普通の中小企業、個人事業者にはまず関係ない税金ですから、ここでの説明は省きます。
※ たまに、個人事業でも事業所税を払っている方がいらっしゃいます。全国に診療所を展開しているお医者様に、事業所税がかかっていることを見たことがあります。ですが、普通の事業者の方は、まず関係ないと思われます。
10.自動車税
自動車税は、その年の4月1日の自動車の所有者にかけれられる税金です。
2月~3月くらいになると、やたら中古車買取業者のCMが増えませんか?
これは、自動車税の性格(その年の4月1日時点の所有者にかけられるので)からして、当然なのかもしれません。

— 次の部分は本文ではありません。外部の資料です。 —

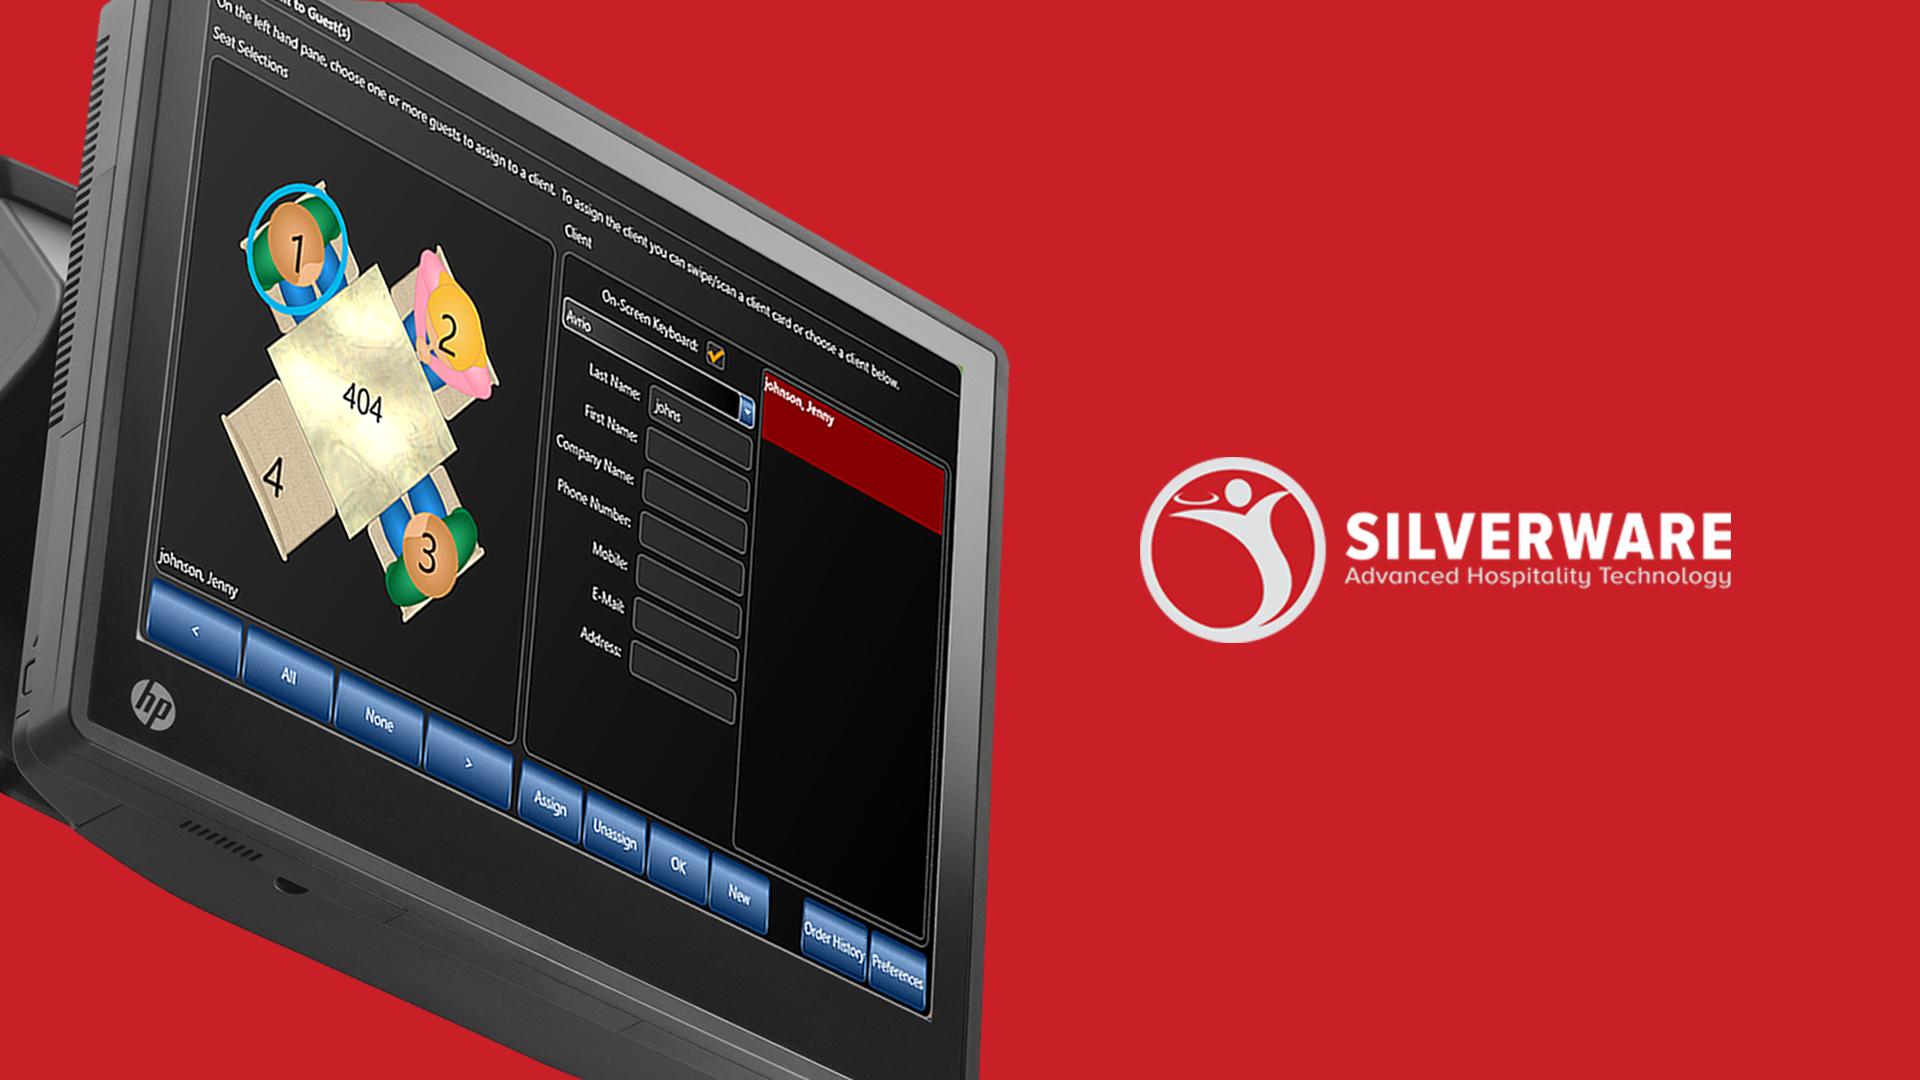 Silverware Demo - Unique Graphical Seat Selection

自動車税は、その車の排気量等を基準にして、各役所が勝手に課税してきます。
税額も、普通の車であれば年間数万円ですから、大した負担とは言えませんね。
11.社会保険料
社会保険料は、正確に言うと税金とは言えないかもしれません。
ですが、半分を会社が負担するのですから、実質、税金といえるのではないでしょうか。
会社負担額は、給与支払額の約14%!です。
会社が払う主な税金には、法人税、消費税がありますが、これらに比べて、とんでもなく高い負担になります。
個人事業者であれば、従業員が5人未満であれば、原則として社会保険に入る必要はありません。
ですので、これから事業を始められる方は、会社設立にこだわらず、個人事業の形態も検討すべきだと思います。
社会保険料の負担について詳しくお知りになりたい方は、次の記事を参考にしてみてください。
会社に関する、色々な税金を確認してきました。
会社経営は最初が肝心です。単に、
「売上-経費=手取り」
といった感覚だけでなく、その手取りから払う税金までも考えた資金繰り計画が大切です。
皆様の事業が末永く発展しますよう、お祈り申し上げます。
本記事に関するご質問はお受けしておりません。予めご了承ください。